Some, though, say, “If we don’t respond within twelve weeks, please feel free to reach out.” Look at that! Your writer friend has permission to ask how the query is going! That’s reassuring, right? Wrong, it’s terrifying. I’ve gotten up the guts to do it only one time.

So. After some completely unknown period of time one of four things will happen with your friend’s query.

  1. It will never be answered and they’ll eventually consider it closed but they’ll never be really sure. Maybe the agent didn’t even get it? Maybe the agent did email you but you didn’t get that? It’s a mystery forever.

  2. It will be rejected. A bummer! But at least your writer friend can move on from that one now.

  3. It will get a partial request! Exciting! An agent read your friend or family member’s query and liked what they saw enough to ask to read more—most often the first three chapters, the first fifty pages, or the first hundred pages. Then your friend goes back to waiting. For how long this time? We still don’t know! But however long it does take, one of two things will happen:

    • It will be rejected. More of a bummer than a query rejection! But at least your writer friend has had a solid confidence boost, maybe some feedback and encouragement, and can move on from that one.

    • It will be upgraded to a full request! Exciting, see below, point 4!

  4. It will get a full request! Exciting! An agent read your friend or family member’s query and liked what they saw enough to ask to read more, and to be sent the entire book! Then your friend goes back to waiting. For how long this time? We still don’t know! But however long it does take, one of four things will happen:

    • It will be rejected without much fanfare. Really big bummer! But at least your writer friend has had a really solid confidence boost, maybe some feedback and encouragement, and can move on from that one.

    • It will be rejected in a lovely manner. Less of a bummer! Your writer friend got a super confidence boost, probably good feedback and encouragement, and maybe even an invitation from the agent to query them again with another project if they don’t find representation with this one.

    • It will get a revise-and-resubmit request. From what I hear, this can run the gamut from exciting to nerve wracking to a bummer. The agent is interested in your friend’s work but isn’t ready to offer them representation unless they make requested changes and resubmit to make sure the requested changes were done in a way that works for the agent. If your writer friend or family member decides to go for the r&r request, they’ll work hard on the revisions and then send the altered story back, and one of three things will happen.

      • rejected, extreme bummer

      • still need more revisions, try again, extremely mixed feelings

      • an offer! see below!

    • It will get an offer of representation! Joy! The goal! Attained! (Kind of, some more steps to the process of getting an agent appear after this, they usually take about two more weeks before an offer turns into a signing.)

So, okay, once the queries are sent out into the wild, your writer friend or family member has very little control over how long the process will take. More than that, they have almost no real knowledge of how long the querying process will take. I’m sure they loved that you showed interest in their goals! That was really sweet of you! But it’s an impossible question for them to answer. And they probably will tell you when they do have good news to share! But they don’t know when that will be and they cannot guess.

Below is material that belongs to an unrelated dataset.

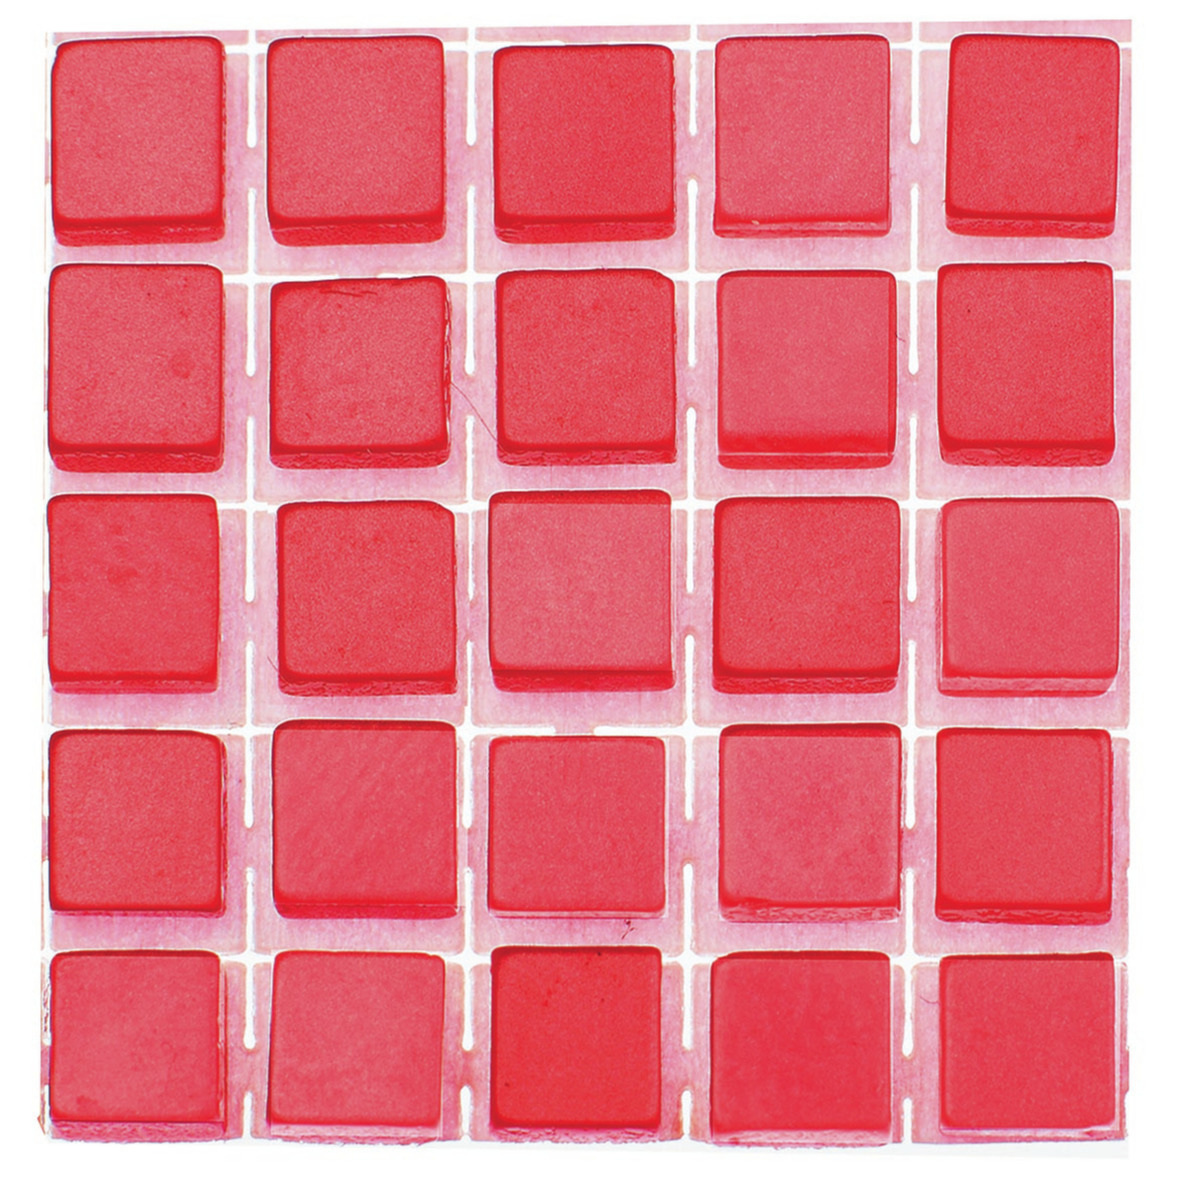 714x stuks mozaieken maken steentjes/tegels kleur rood 5 x 5 x 2 mm -

After your writer friend or family member gets an agent, there’s a lot more that has to be done before the book can come out. There’s more revising with the agent, then the agent submits the book to publishing editors and the agent and the author wait together for rejections/acceptances, then there’s probably more editing, honestly this part of the process is not familiar to me but from everything I hear, it’s marked by a lot of the same uncertainty and lack of any distinct timeline for most of it. If any of my friends who are on submission decide to write a blog post of their own about this part of the process, I’ll link that here.

What it all boils down to is that your friend can almost never answer the question of how it’s going or when they’ll have news. But it’s really nice that you cared enough to ask!